======== Given records ========

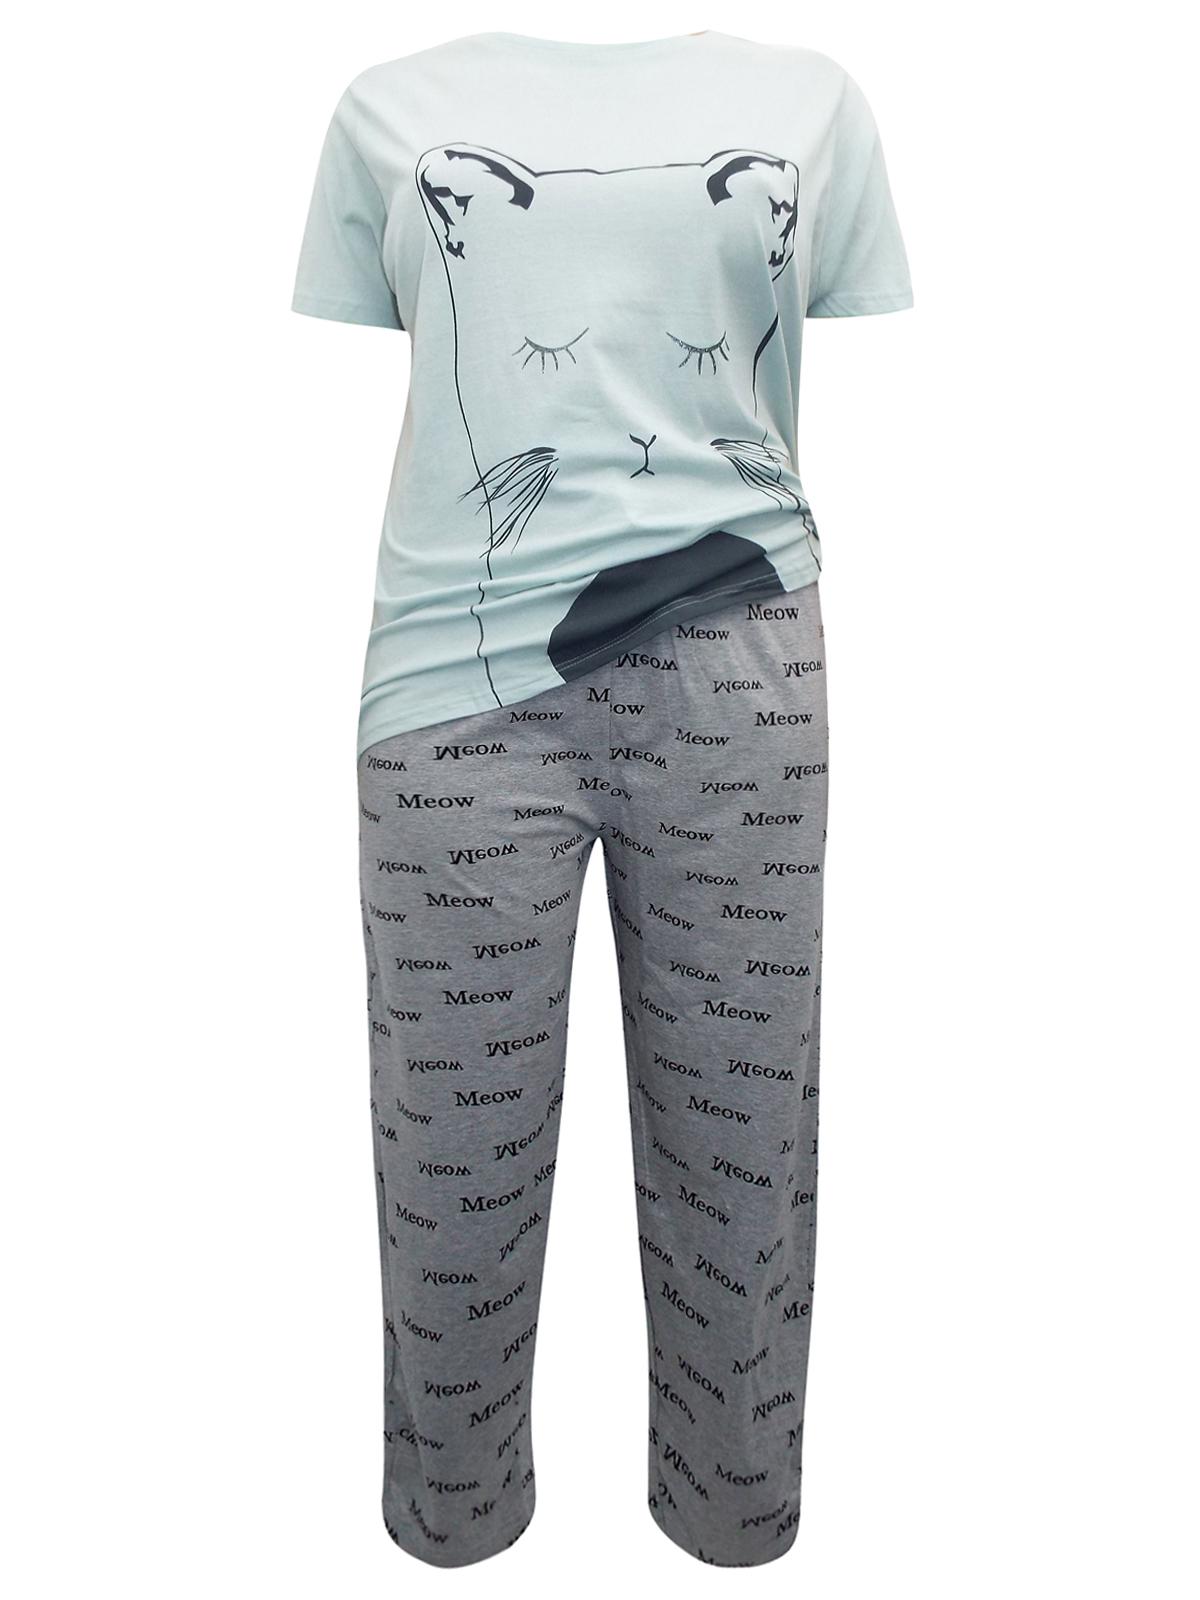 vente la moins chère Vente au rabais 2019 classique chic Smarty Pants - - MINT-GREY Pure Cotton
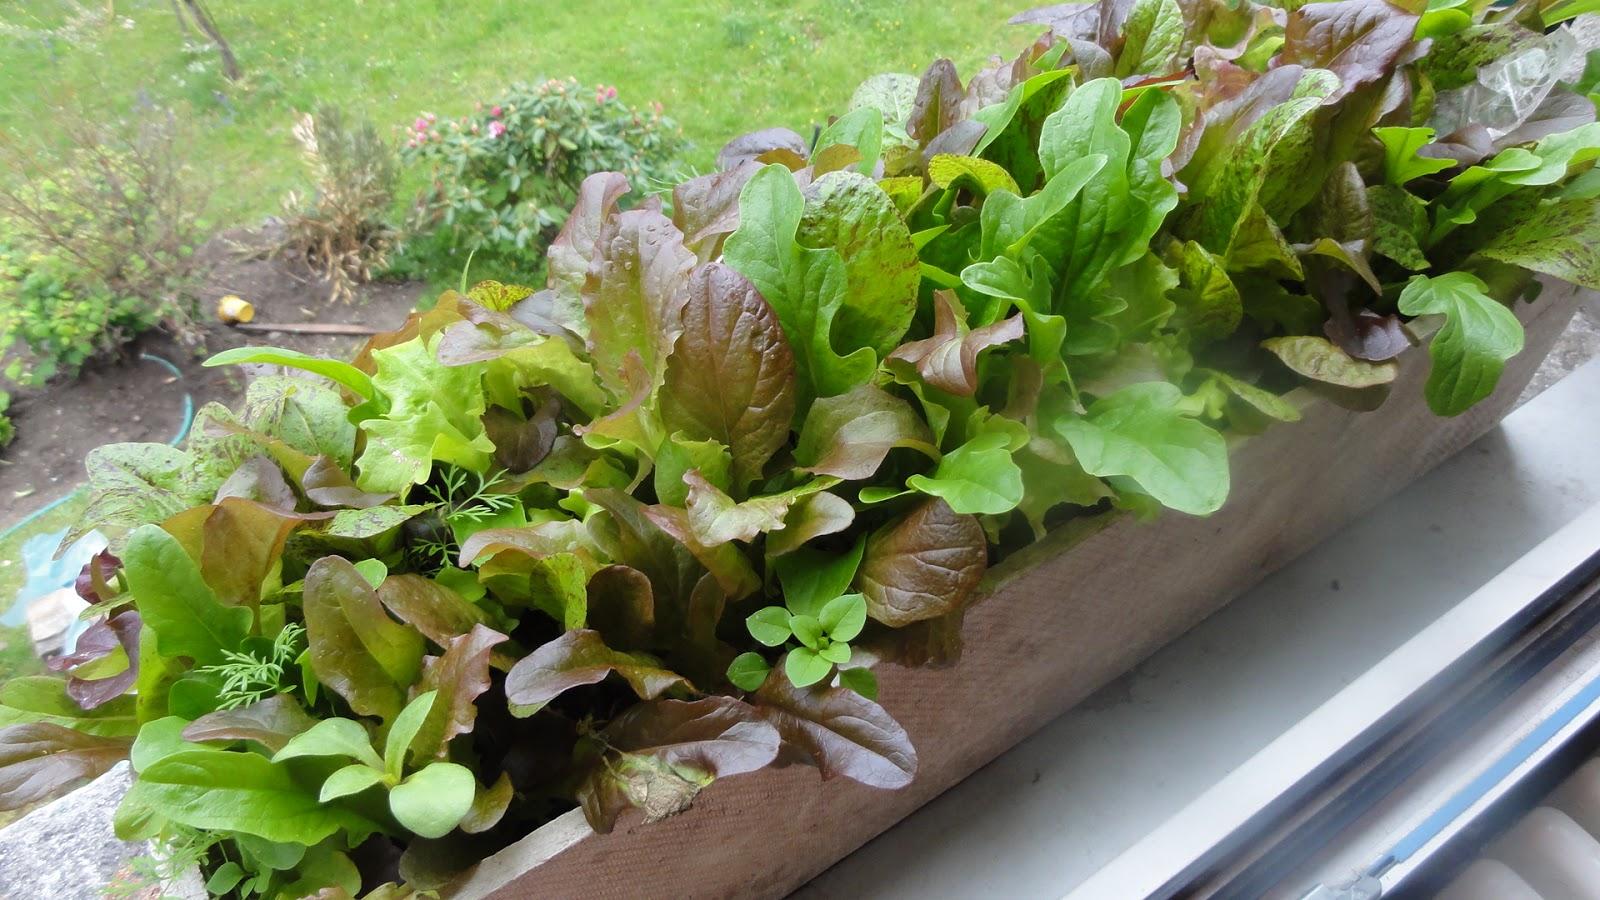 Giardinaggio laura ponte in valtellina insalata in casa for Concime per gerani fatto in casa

========
======== Given records ========

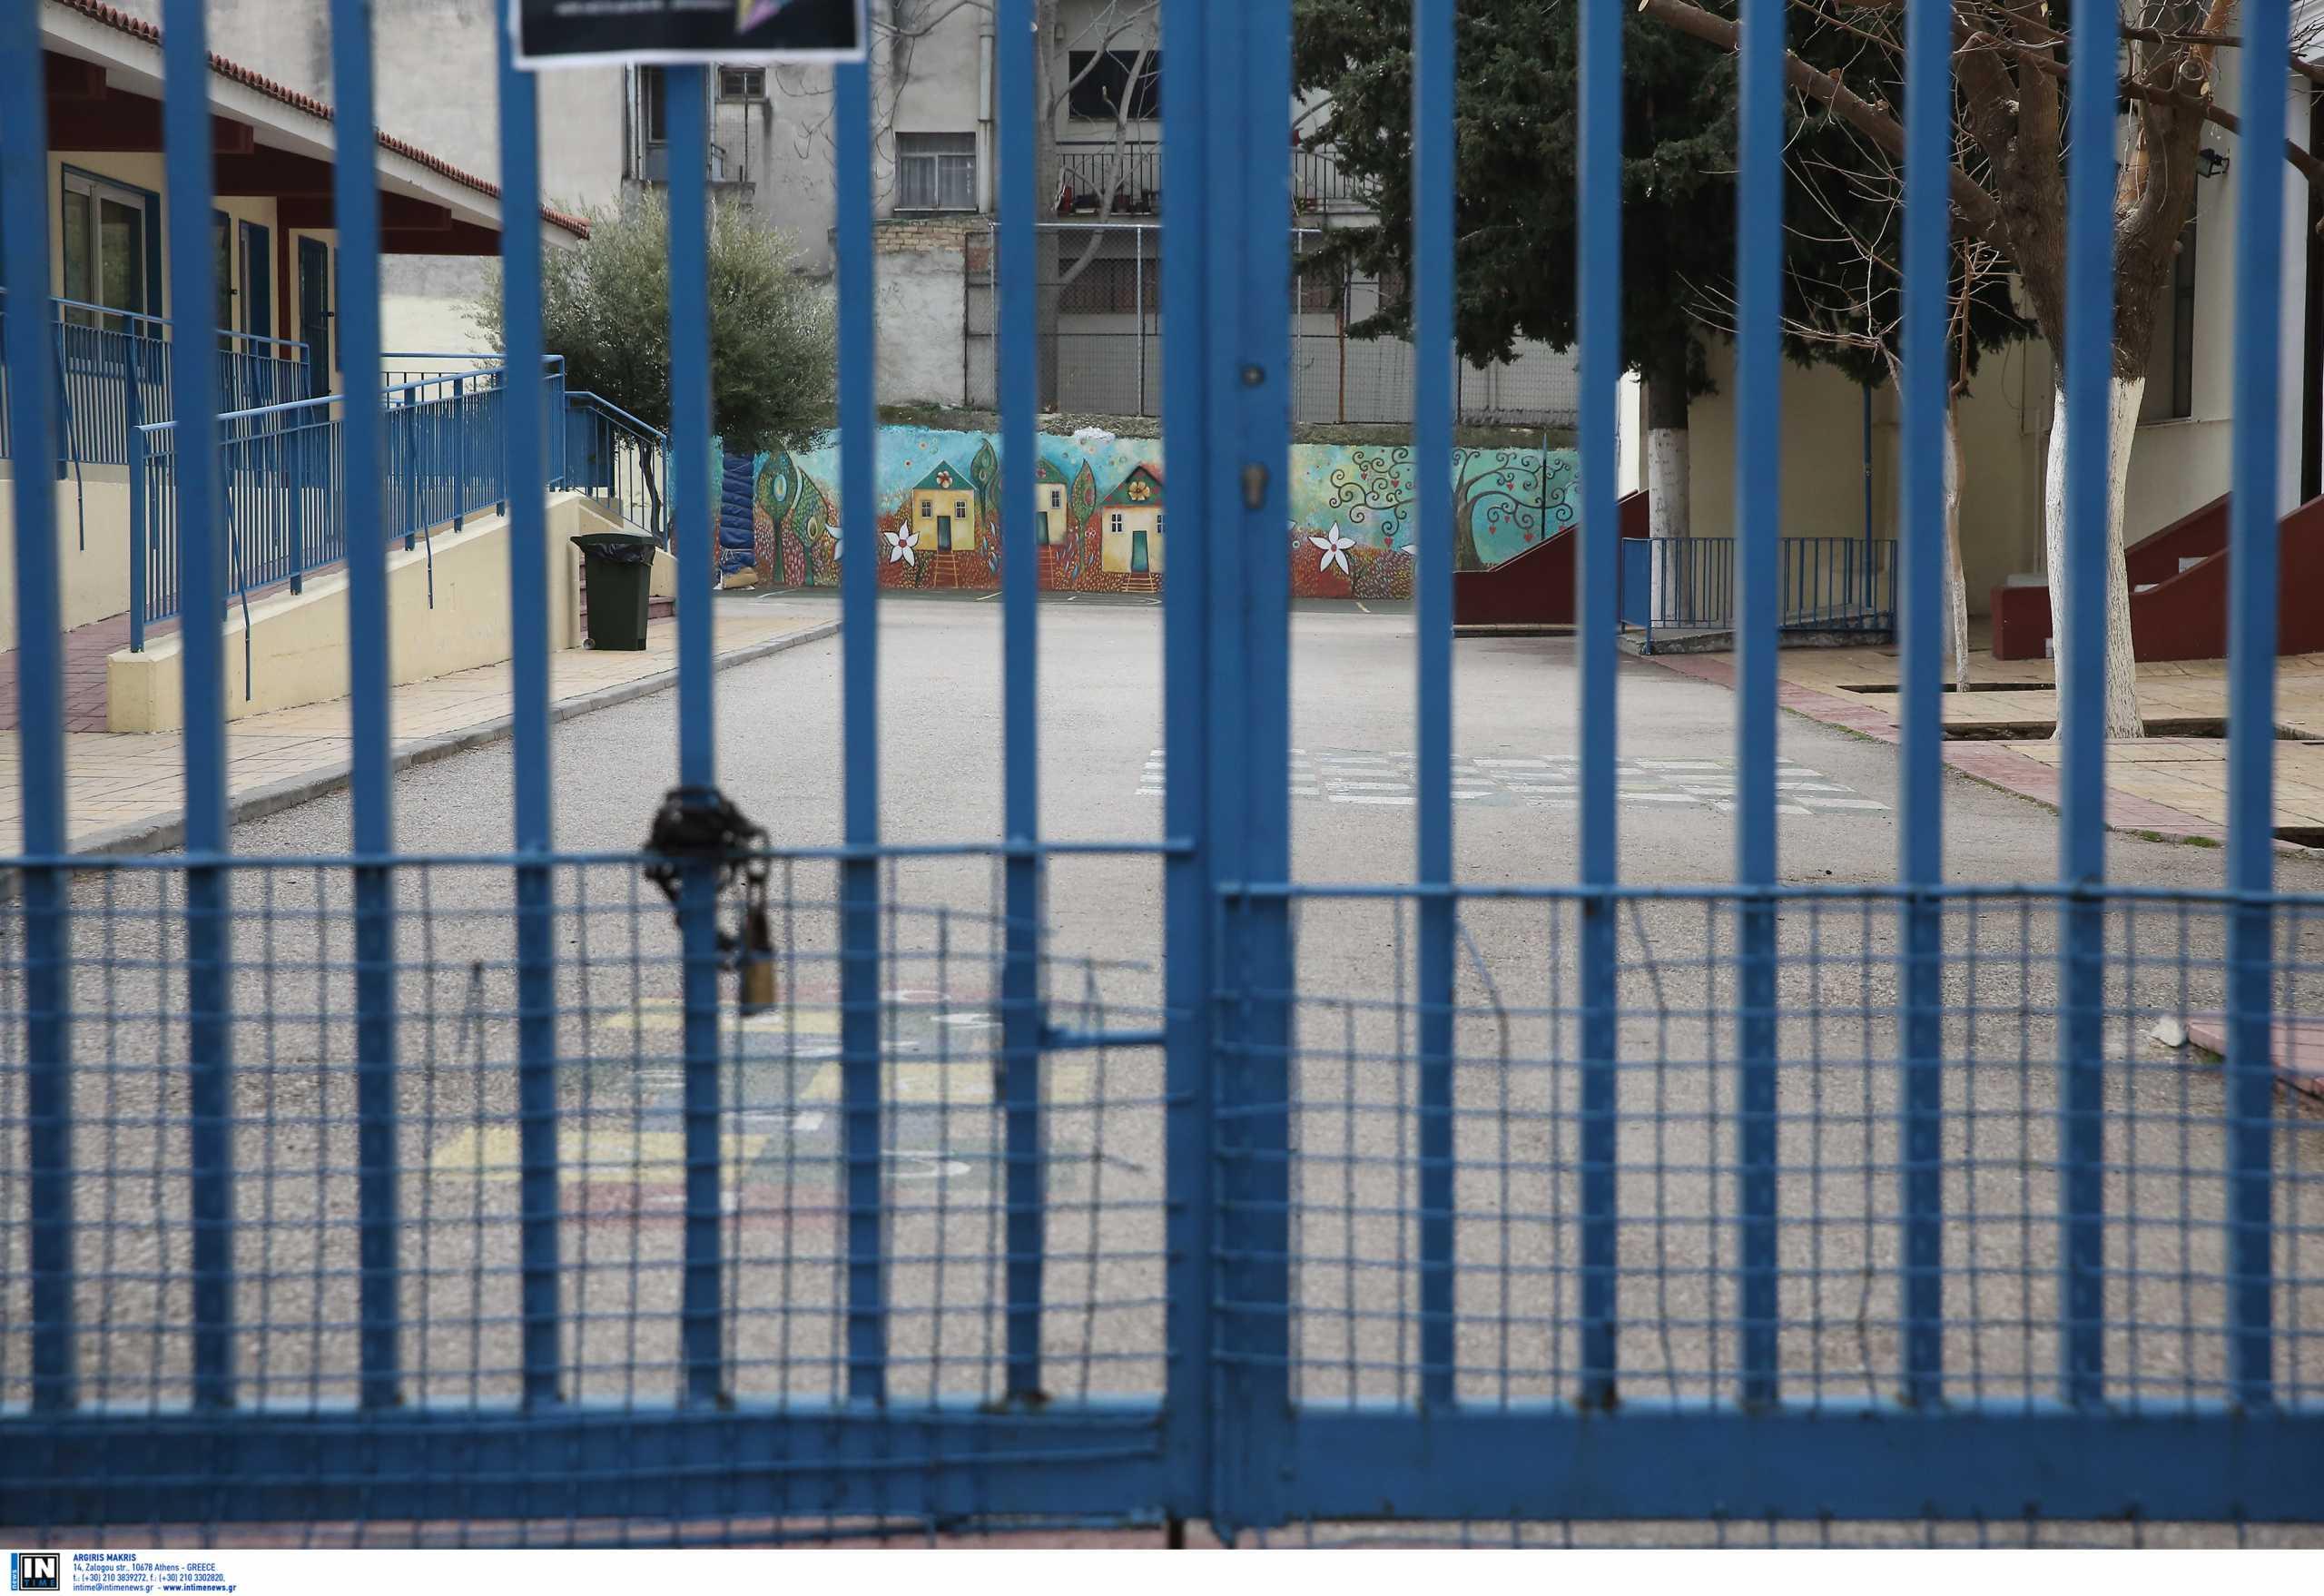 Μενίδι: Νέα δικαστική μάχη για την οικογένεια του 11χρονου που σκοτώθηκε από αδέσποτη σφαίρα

========

Task prompt:
Looking above, find the stretch of lines that opens with the one holding "vente la moins" and closes with the one holding "Giardinaggio laura ponte". Copy it exactly, pictures excluded.

Reply:
 vente la moins chère Vente au rabais 2019 classique chic Smarty Pants - - MINT-GREY Pure Cotton
 Giardinaggio laura ponte in valtellina insalata in casa for Concime per gerani fatto in casa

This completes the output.